▶ _Exercise directions_
In the records that follow, show each line where the word "cross" is present.

▶ _Data provided_
============

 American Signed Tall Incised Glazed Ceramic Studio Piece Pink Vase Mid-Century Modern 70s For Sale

============

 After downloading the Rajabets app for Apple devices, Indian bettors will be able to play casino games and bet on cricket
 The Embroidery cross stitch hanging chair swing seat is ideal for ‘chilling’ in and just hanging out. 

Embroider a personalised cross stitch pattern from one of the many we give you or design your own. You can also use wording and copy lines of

============

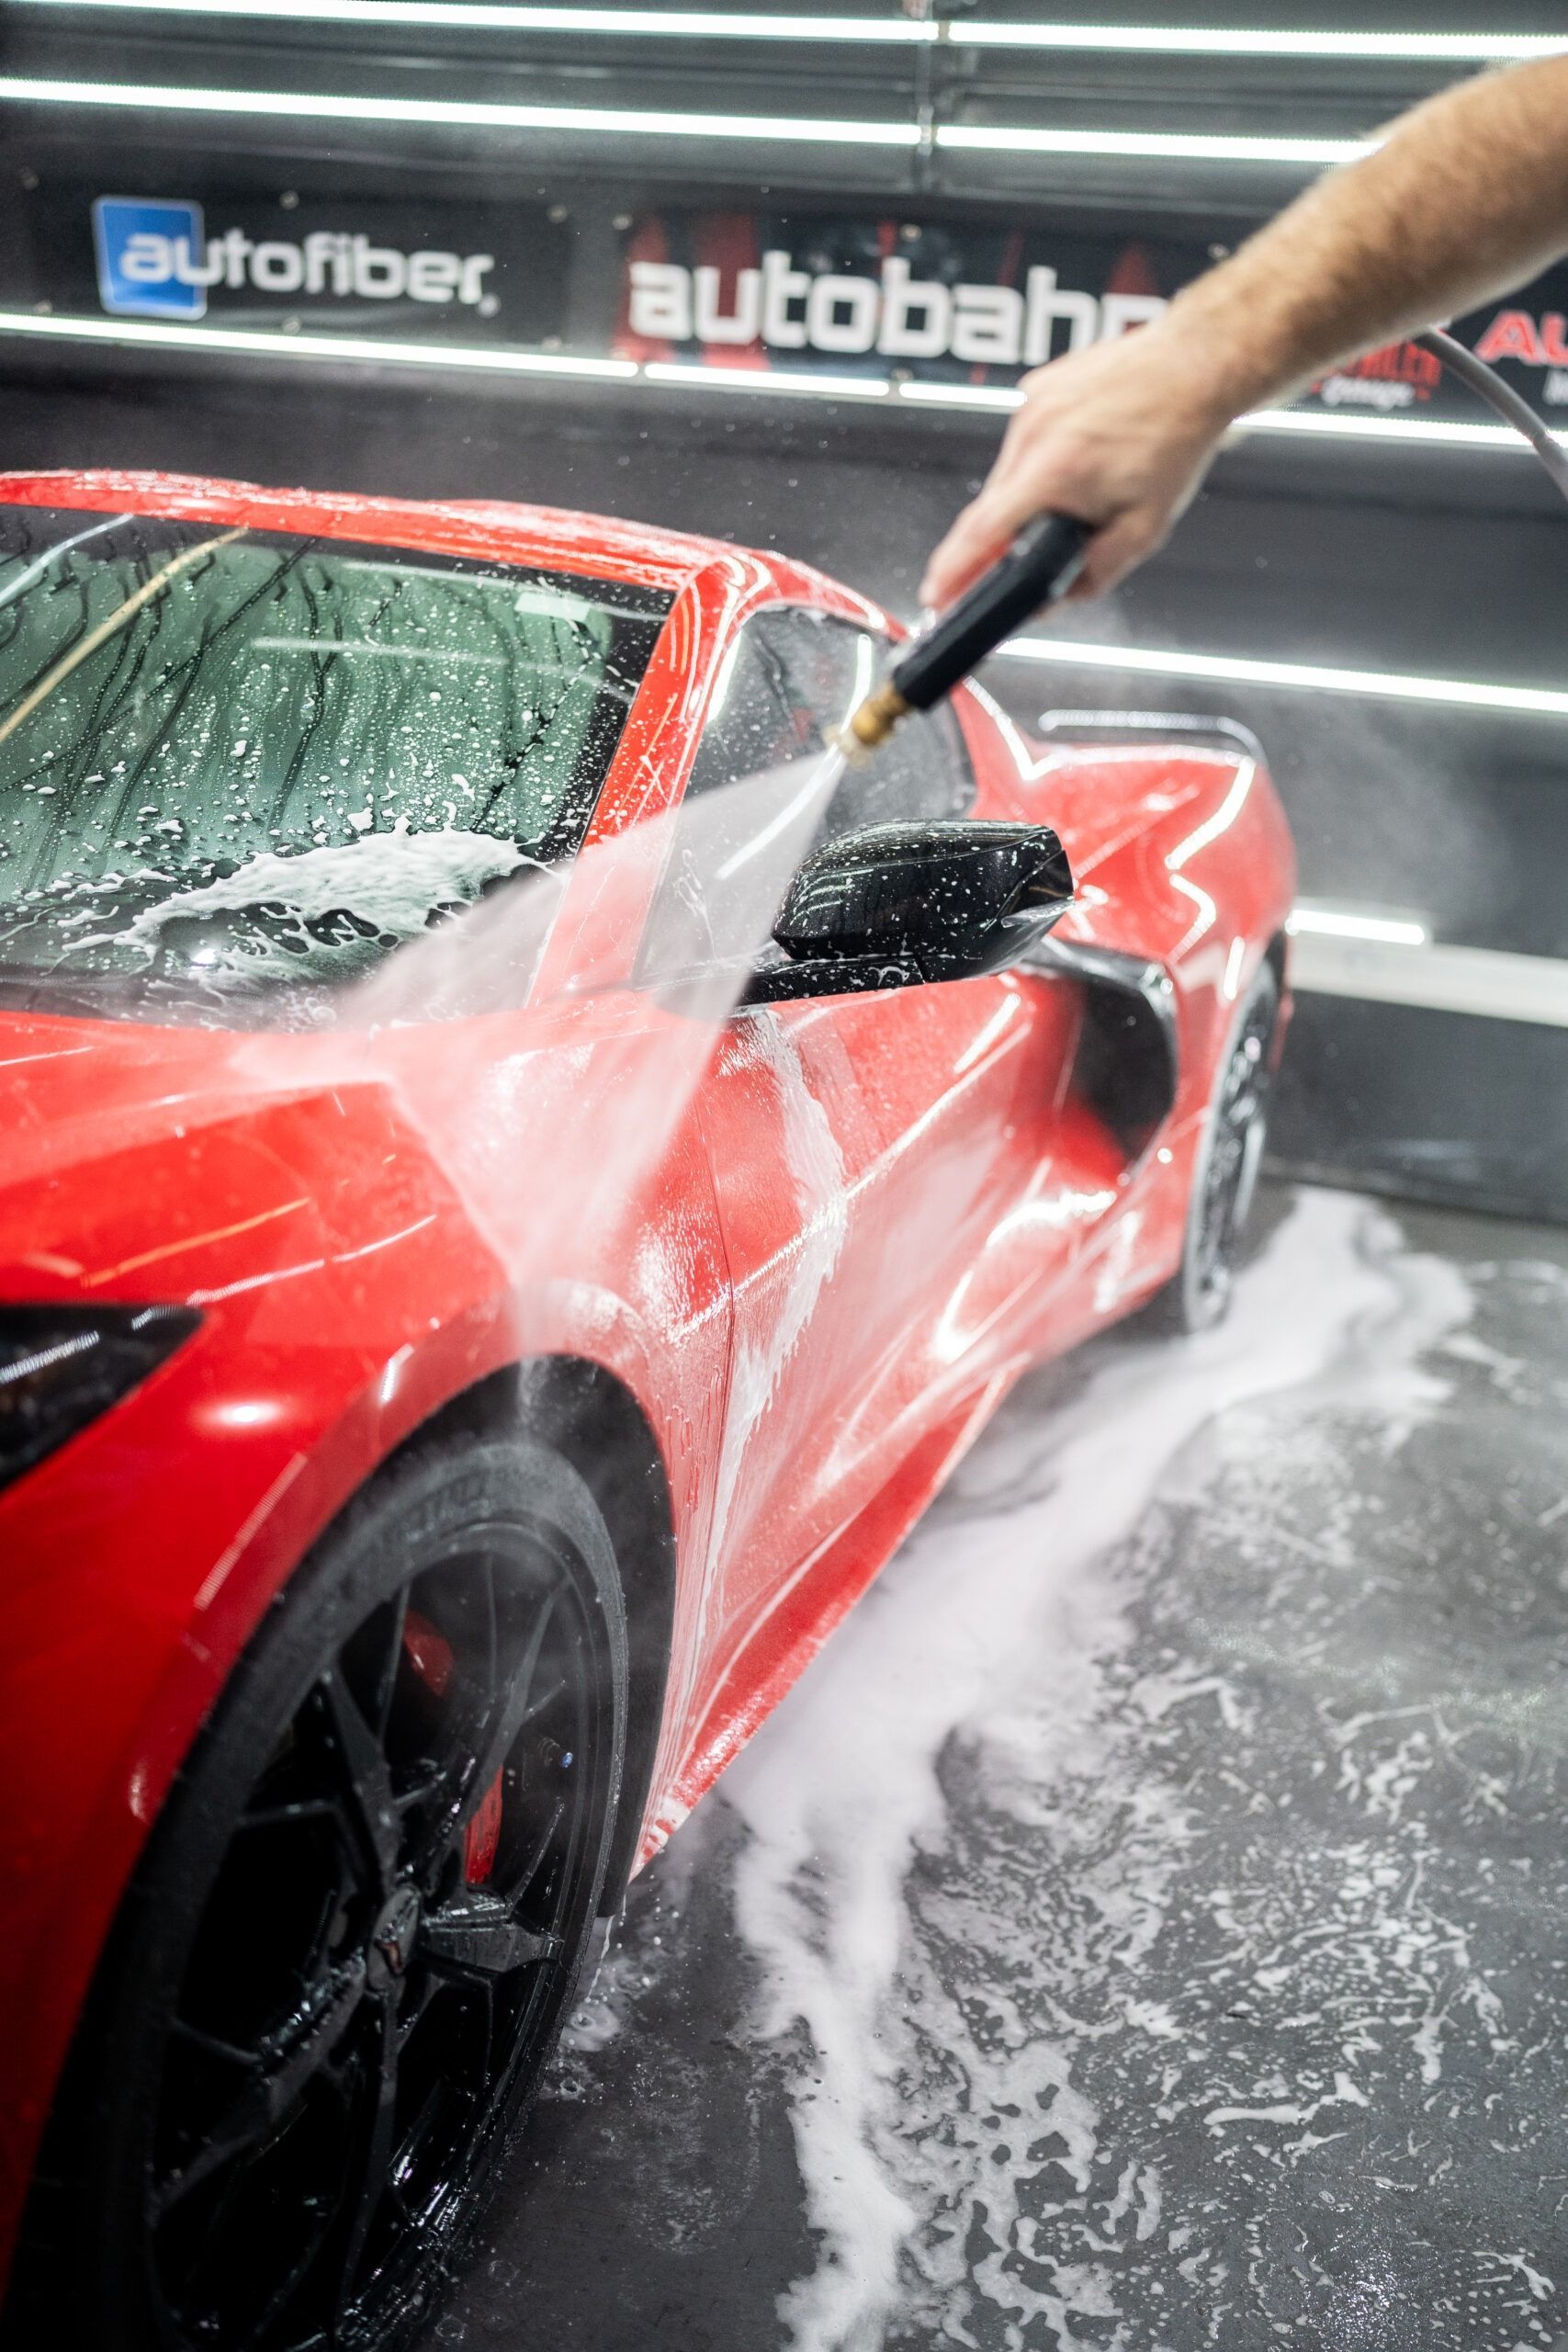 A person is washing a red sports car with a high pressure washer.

============

▶ _Solution_
 The Embroidery cross stitch hanging chair swing seat is ideal for ‘chilling’ in and just hanging out. 
Embroider a personalised cross stitch pattern from one of the many we give you or design your own. You can also use wording and copy lines of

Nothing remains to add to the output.